Маяк… Мой старый дом… Вотчина и маленькая Родина…
Сын всхлипывает и звонко вскрикивает, когда я неосторожно наезжаю передними колесами на невидимый бугор.
— М-м-м! — я вижу, как она подтягивает к подбородку ноги и нехорошо закатывает ставшие бесцветными глазами. — Мы приехали? — Ася тихо стонет.
— Нет.
Оставить сына я могу с людьми, которым безгранично доверяю, и с теми, у кого есть солидный опыт в обращении с непоседливыми крохами.
— Что ты… — она приподнимается, когда я, раскрыв заднюю дверь, протягиваю руки к сыну. — Нет, нет, нет! — визжит, пока вытаскиваю Тимку из установленной между кресел автомобильной переноски. — Пожалуйста. Не отдавай его! Я больше так не буду. Костя-я-я-я!

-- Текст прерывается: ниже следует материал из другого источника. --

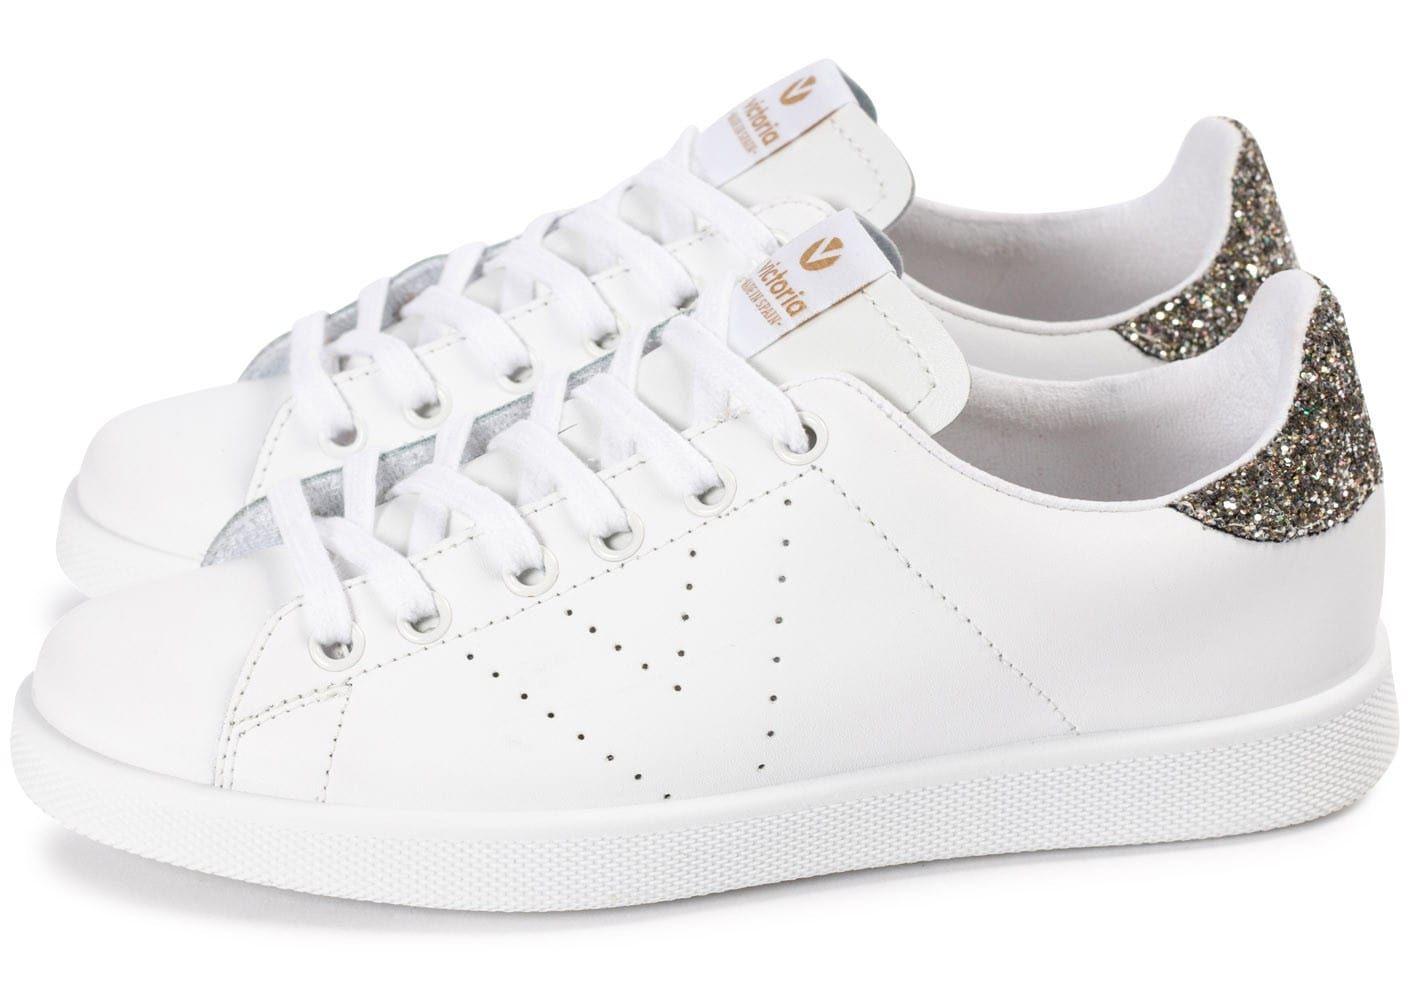 c5e30e1c9c93 Chaussures Victoria Deportivo Glitter Multicolor vue extérieure ...

Хлопок двери отрезвляет разум и вынуждает действовать решительнее. Жена колотит ногами по салону, раскачивая тяжелый крупный корпус. Откуда вдруг такая сила? Без конца оглядываясь на шатающуюся машину, направляюсь к воротам, за которыми находится знакомый до мельчайших подробностей старый двор. Вот, например, высокие цветы с желтыми головками, стеблями от которых меня стегал по заднице отец, когда я вел себя, как бешеная сволочь: бездушно издевался над слепым чудаком, корча папе рожи и вращая растопыренными пальцами у носа, изображая дурачка, выкручивающего небольшие дули. А там был летний домик для Пирата, его сторожевая будка, склепанная наспех и кое-как, в которой он, помалкивал, лишь изредка поскуливая, и прикусив язык, отсиживался, когда со своих гулек возвращался в отцовские пенаты.